He taught himself a programming language called Python and dove into the scientific literature to learn what had already been tried in the area of gunshot detection.

Existing detectors had some key problems, Naveen says.

Dhar: The detectors that were detecting the sounds of the gunshots, they either had too high of a false-positive rate to be deployed in the field—because otherwise it’s just like boy who cried wolf, you know; the rangers aren’t going to use the detector—and then also, the ones that were more accurate, they were specialized to one specific environment or habitat or dataset, and they were too computationally intensive to be run in real time.

Hobson: Instead, Naveen turned to neural networks, a type of machine learning model inspired by the way the human brain makes connections.

Dhar: And specifically, why deep learning, which is a type of neural network that uses many different layers of neural networks stacked on top of each other.

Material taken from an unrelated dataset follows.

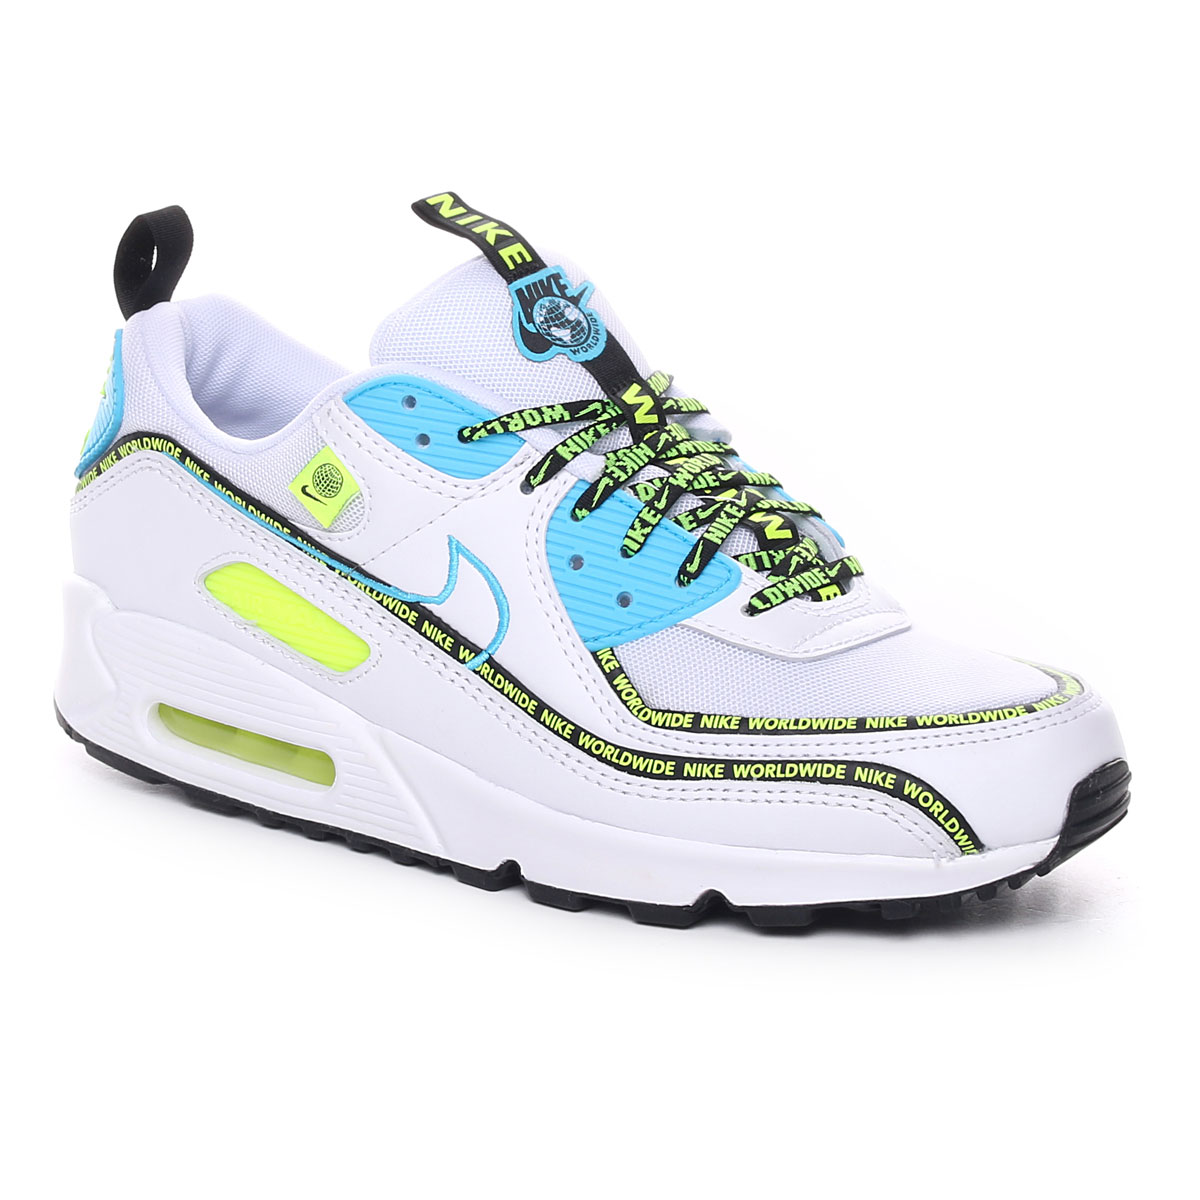 Nike Air Max 90 Se Worldwide Pack Uomo Bianco Giallo Fluo

Hedley: In the few short years since we did our study, neural networks have really emerged as being a dominant approach to signal classification, and they’ve shown a much better ability to reach almost humanlike performance in their ability to distinguish one sound from another.

Dhar: So what we actually do is we transform the sound into an image format. We take the sound and turn it into a spectrogram, which has the time on the x-axis, the frequency of the signal on the y-axis, and then you also have a third dimension, or the amplitude of each little coordinate in this xy graph, which tells you how loud that specific time frequency was.

And so by converting our signals into spectrograms, we’re able to use neural network frameworks that are very efficient for image processing, and they have been really well-suited for this task because you can’t be sending your signals up to the cloud all the time. It’s just too power-intensive, right? So you need to have a detector that’s both accurate and also lightweight enough to run in real time.

Hobson: Other projects faced a problem called overfitting. That’s when a machine-learning model becomes too specialized to the dataset it was trained on.

This means it performs well with that specific situation but struggles with other datasets, such as sounds from a different habitat somewhere else in the world—for example, a model trained to detect gunshots in soundscapes from Belizean forests that couldn’t do the same with data from somewhere else in the world.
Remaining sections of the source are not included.